Problem requirements → Only the lines from the one containing "Savoir Beds - Decorex 2015 - 1" through the end of the entries should be returned, exactly as they are, with the pictures omitted.

(Recorded data)
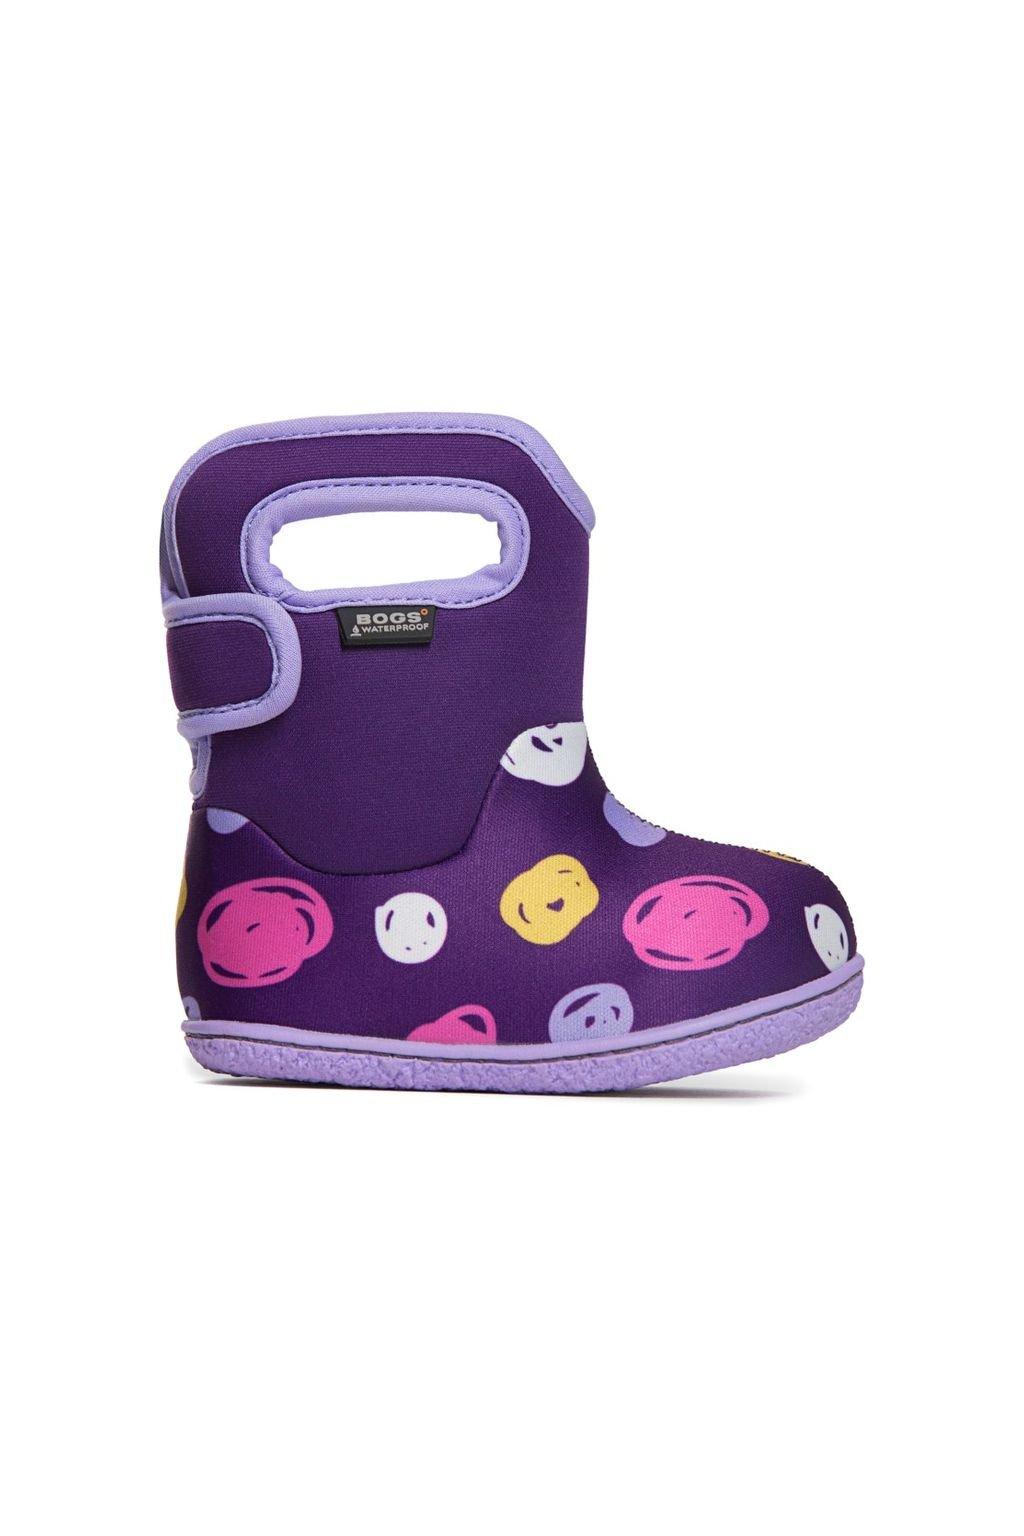 Bogs Classic Dots Purple
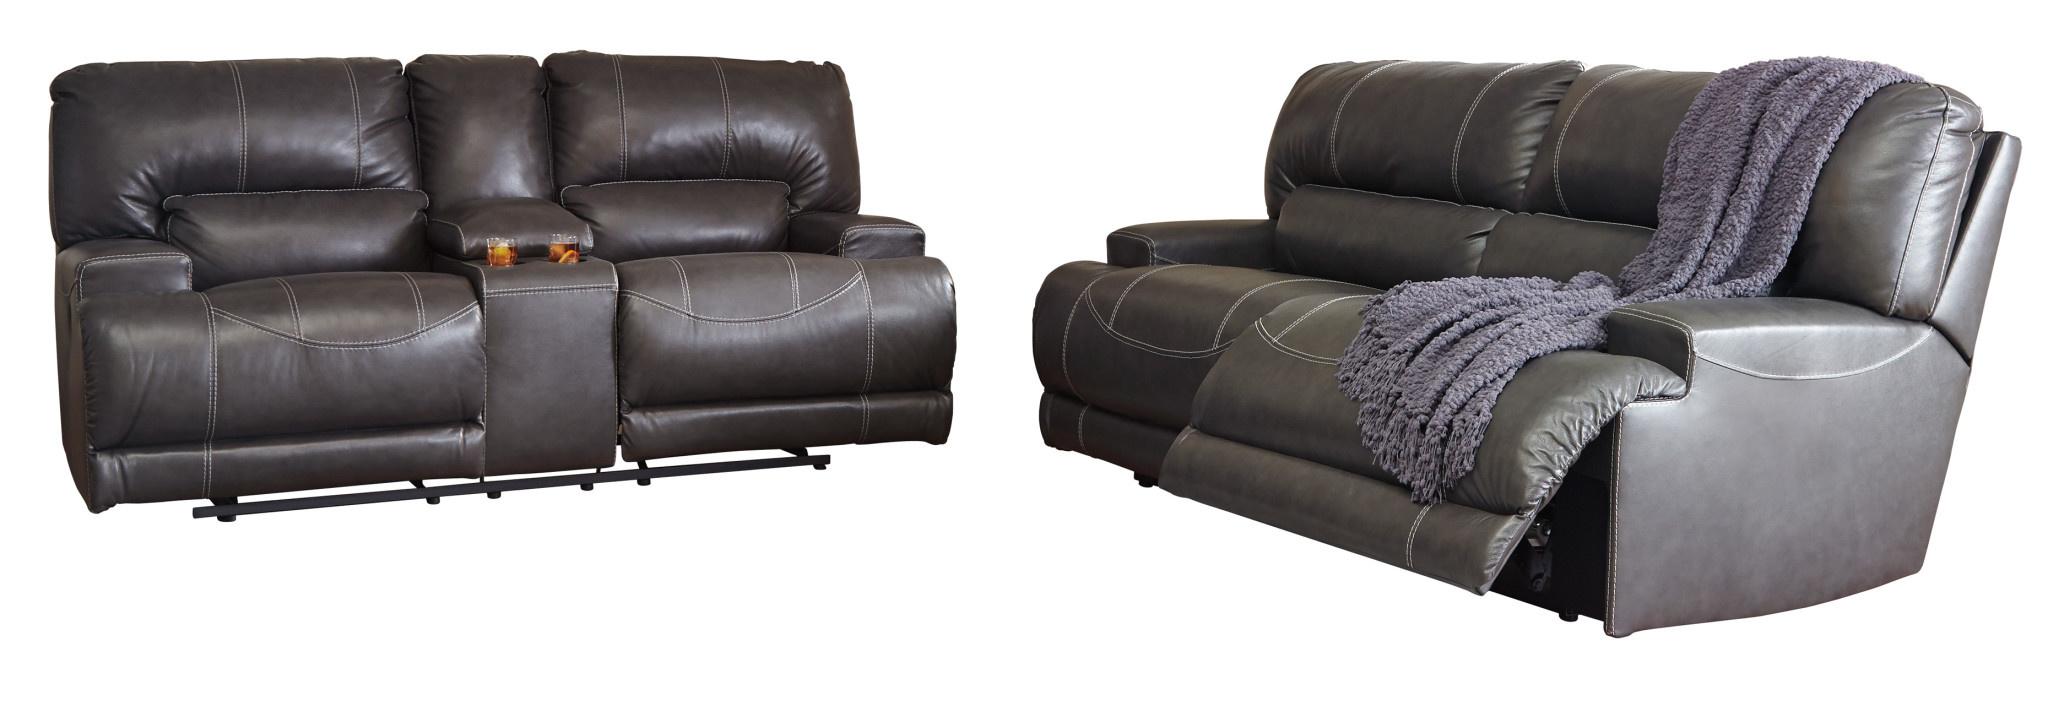 "Signature Design ""McCaskill"" Leather DBL Reclining Loveseat w/ Console- Gray- U6090094"
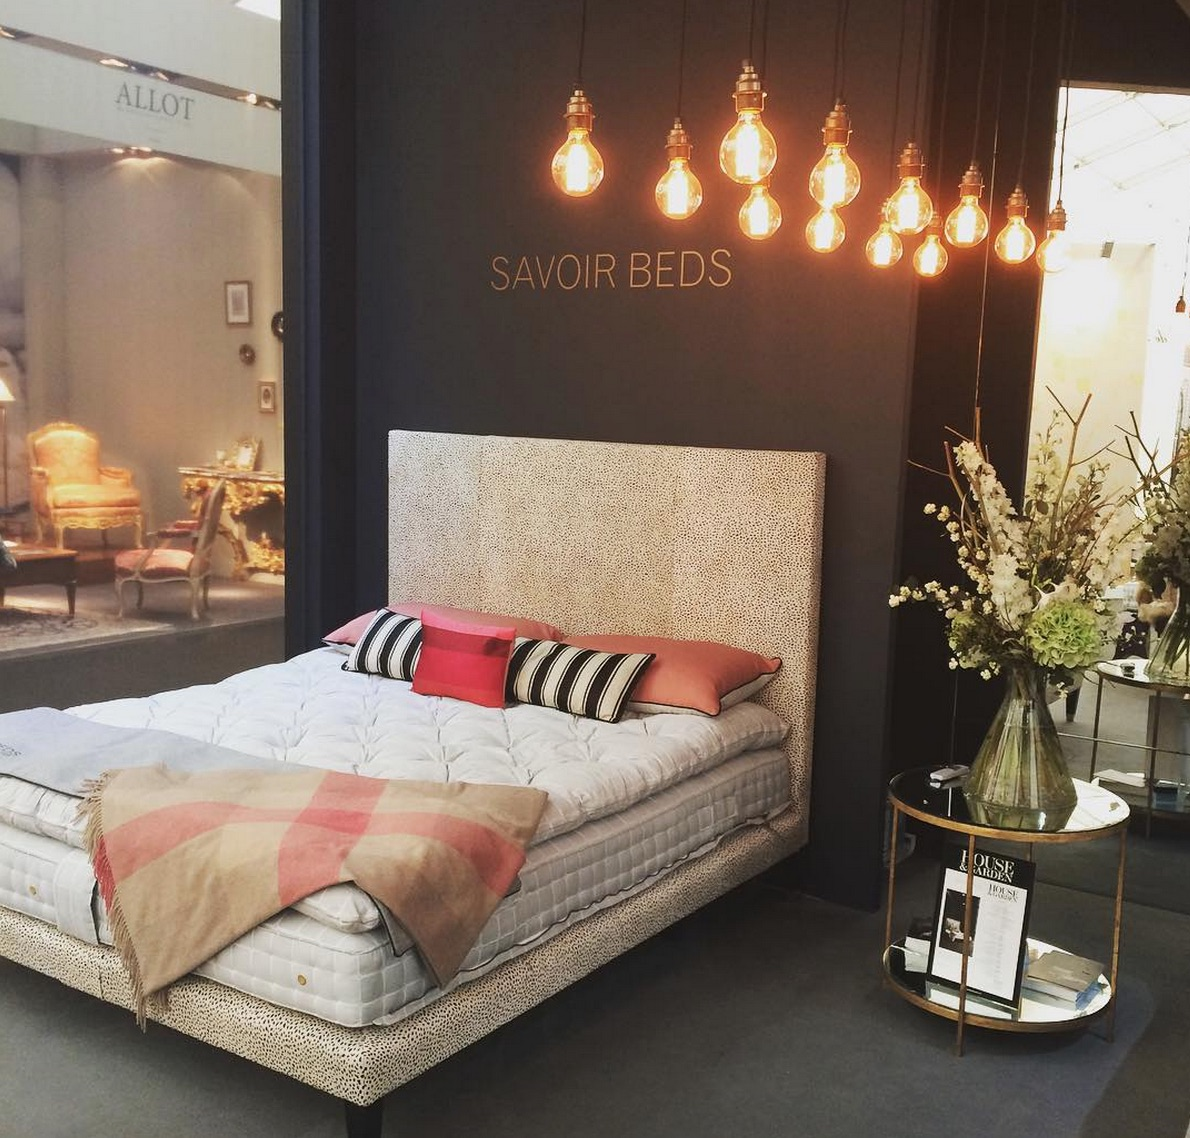 Savoir Beds - Decorex 2015 - 1
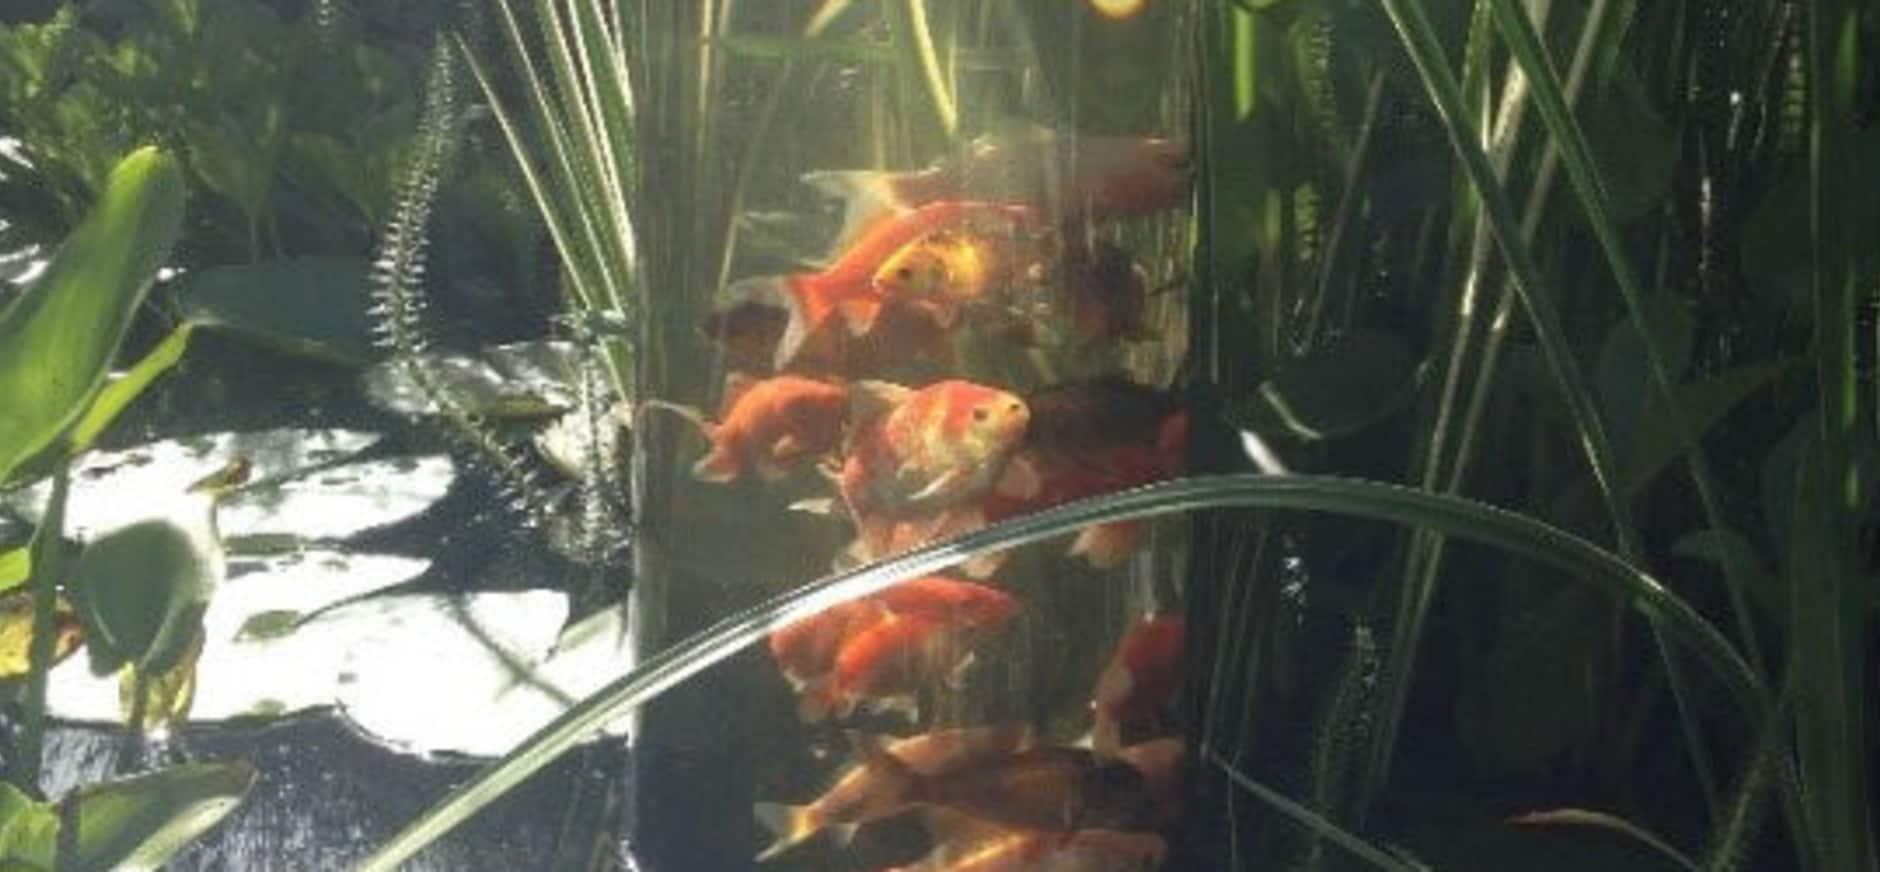 Spannende onderwaternatuur zichtbaar met vis-cilinder
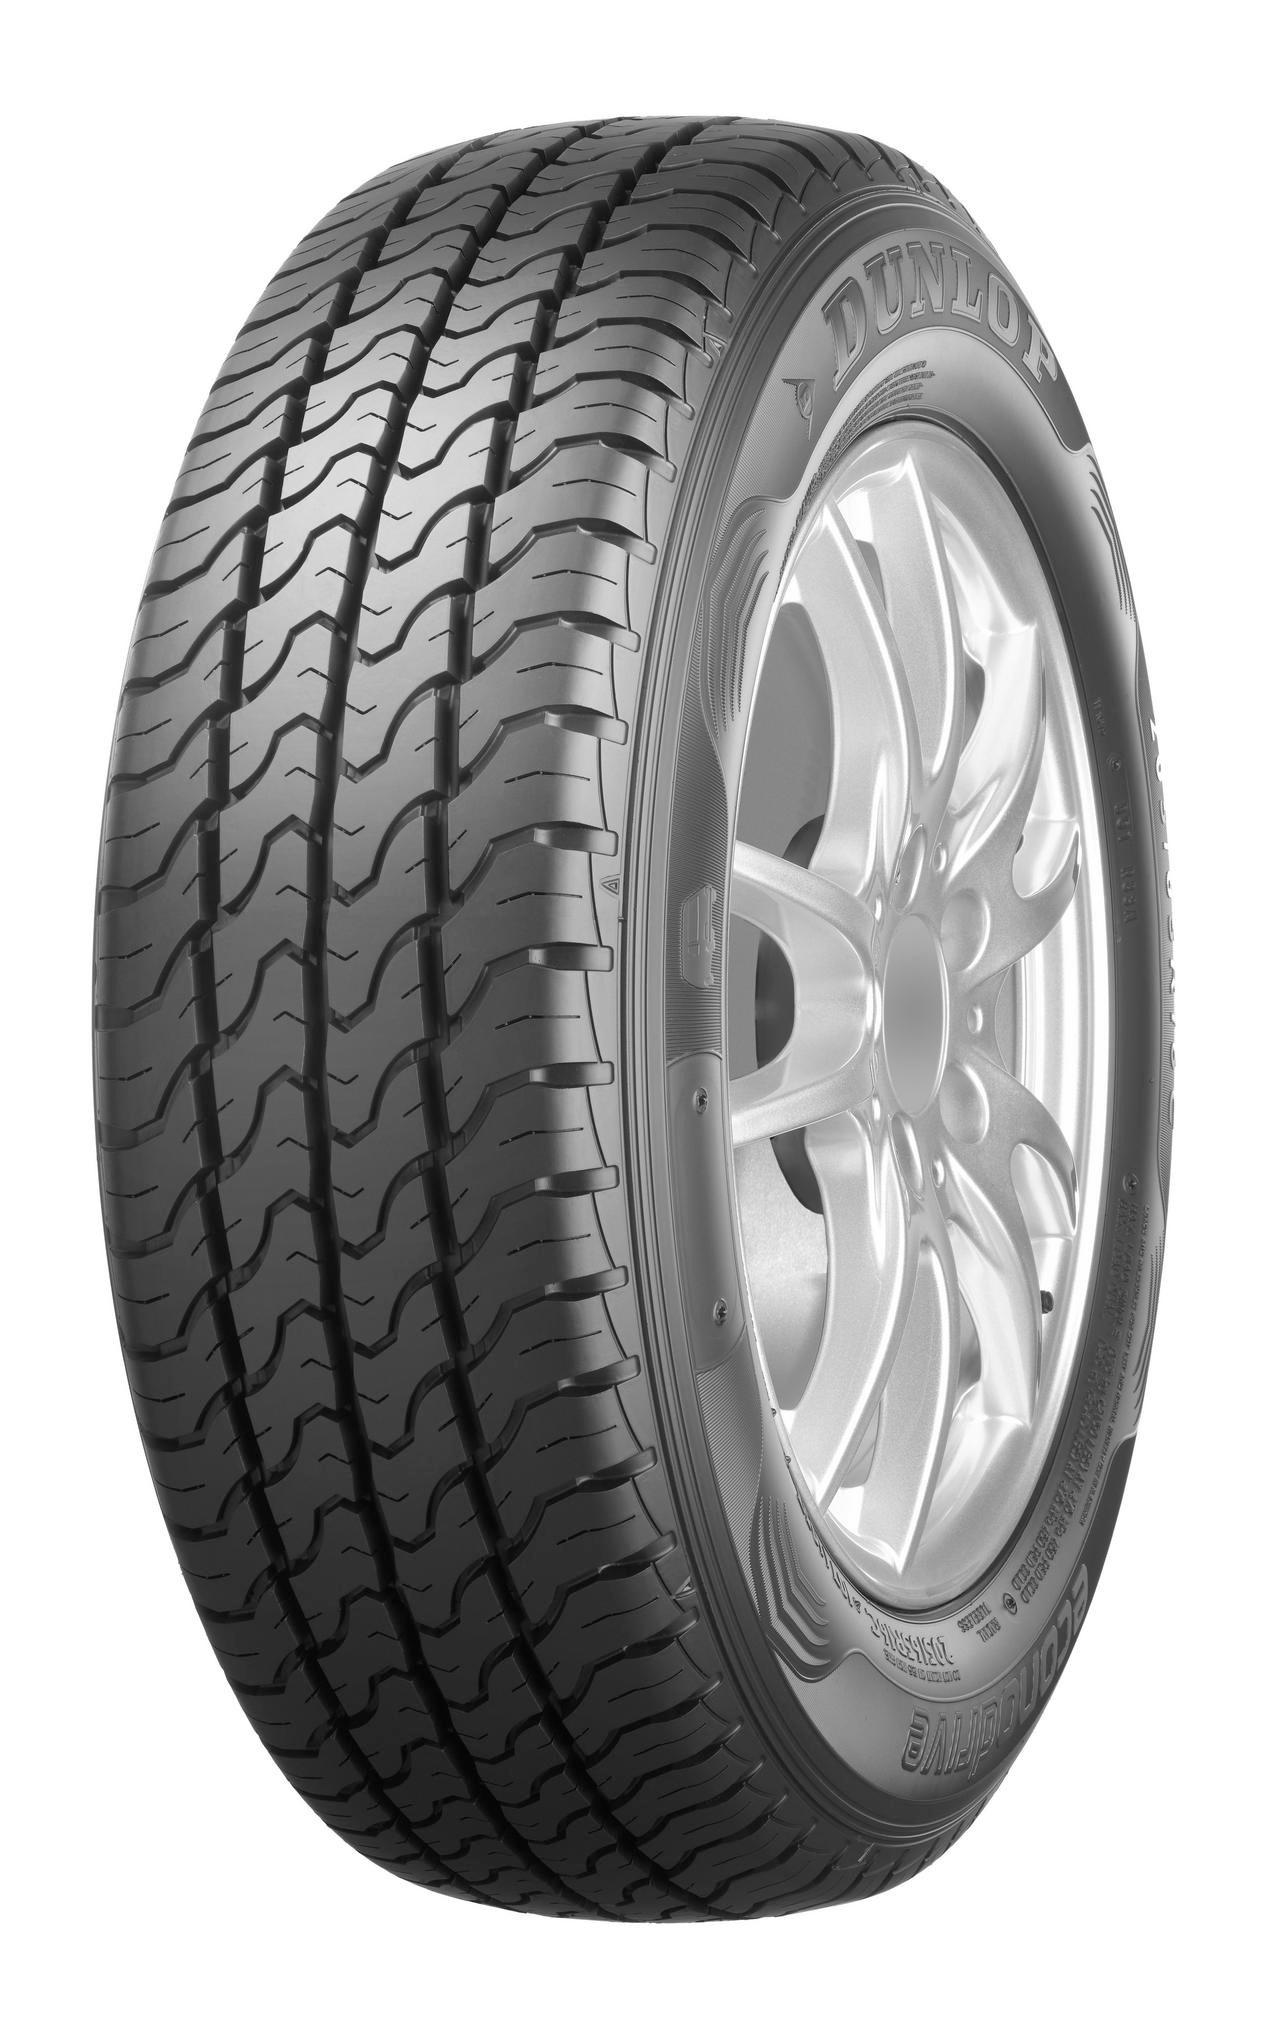 Dunlop Econodrive 235/65R16C 115/113R

Written solution →
 Savoir Beds - Decorex 2015 - 1
 Spannende onderwaternatuur zichtbaar met vis-cilinder
 Dunlop Econodrive 235/65R16C 115/113R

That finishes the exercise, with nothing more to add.